In the Baltic city of Gdańsk, Poland, 16 women from different backgrounds, from ornithology to data analysis, meet every second week to jointly work on a machine learning project - sound-based bird species detection.
The idea of the projected emerged after the creation of a local chapter of the global organization known as Women in Machine Learning & Data Science. Three fresh data science bootcamp graduates created WiMLDS Trójmiasto (or Tricity, named for the three cities, Gdańsk, Sopot, and Gdynia) to promote data science careers among women and to integrate a small, local community of female data and machine learning enthusiasts. Since the creation, there have been organized network meetings, workshops, discussions, and presentations by local members and guests.
The project began in August and is meant to last 5 months, during which we focus on sound-based bird species detection.
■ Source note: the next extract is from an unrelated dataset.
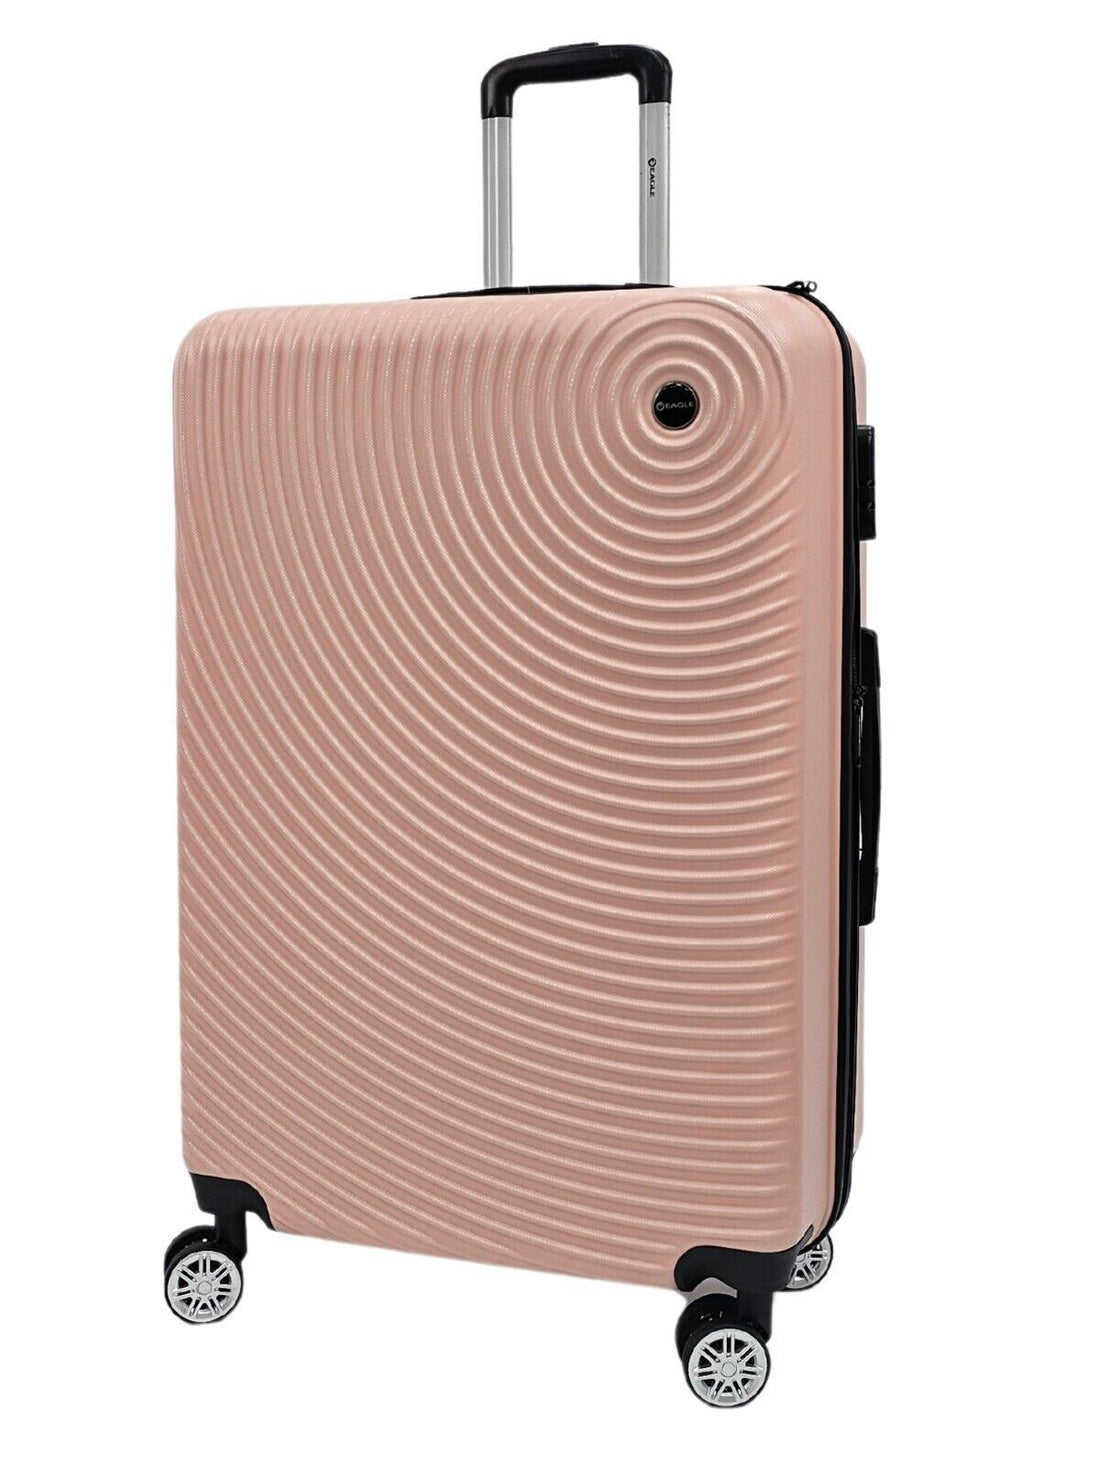 Hard Shell Rose Gold Cabin Suitcase Set 8 Wheel Luggage Case Travel Bag - Upperclass Fashions 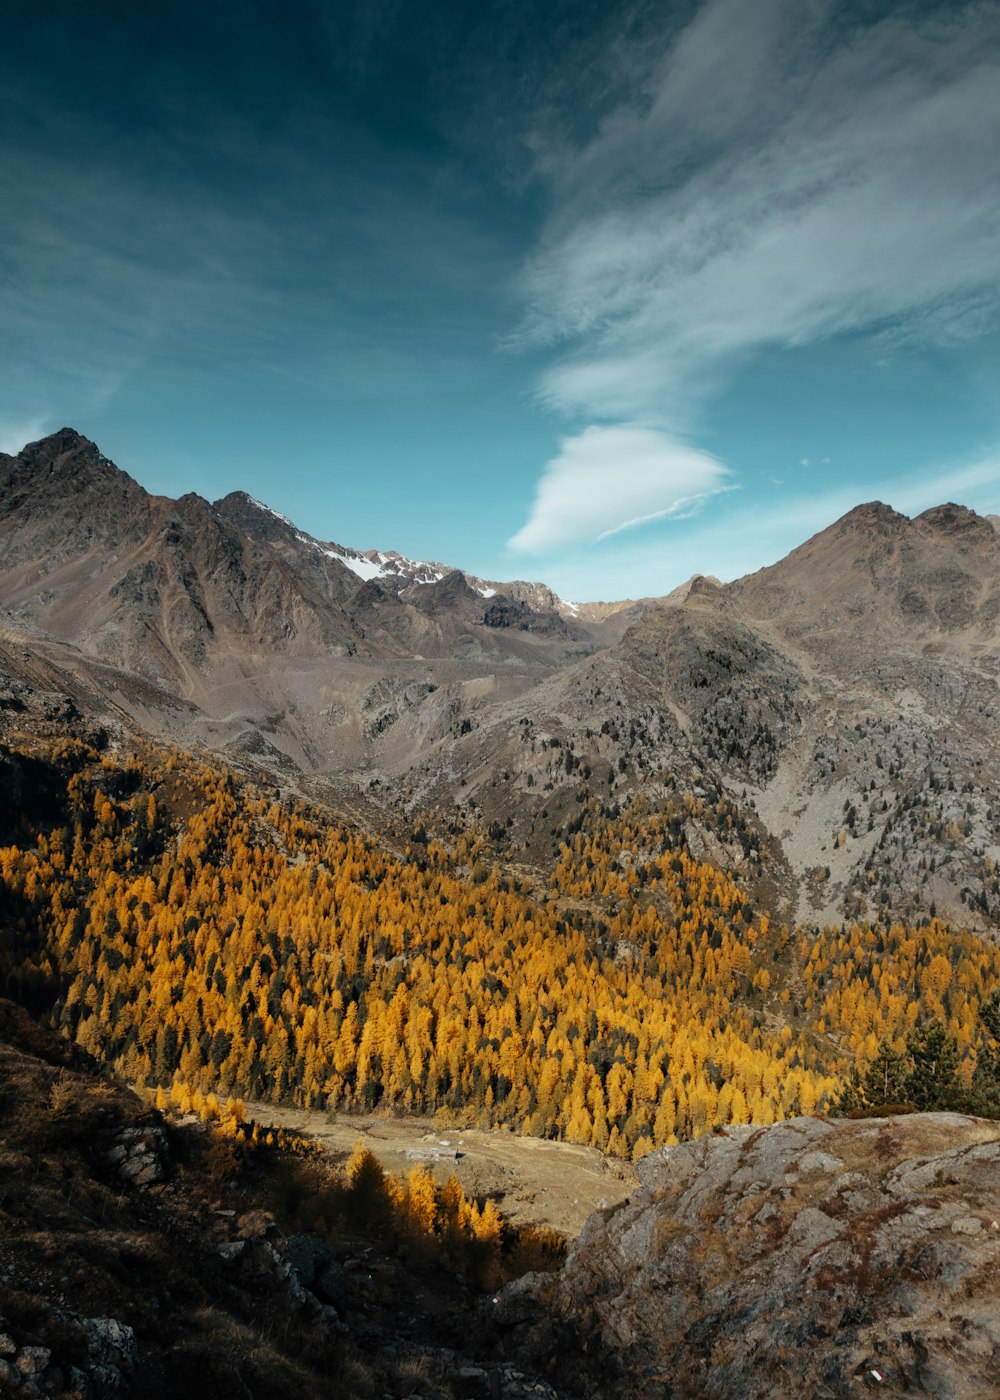 trees surrounded by mountains

We invited 16 women who had prior experience with Python to work together in a series of two-week long sprints. This project was designed to be a collaboration on a real-life problem which machine learning can help to solve, and not a training or a workshop.
Even though we have a technical mentor, we work mostly by exchanging knowledge and experience within small teams (named after birds’ species!) and then on a group forum. Different backgrounds are a great advantage here, as we have gathered knowledge of ornithology, deep neural network data visualization, sound processing and more. Even though it was not designed as a workshop, the project itself has been planned and prepared in advance: from researching bird sound detection technologies and searching for available data to the creation of a calendar of 2-week long sprints.
The project has the typical structure of a data science project including data research and analysis, data preparation, creation of models, analysis of results (or model improvement) and the final presentation. Moreover, there is already an interest in creating a mobile app to be able to use the model in real life situations…for example while hiking in the woods.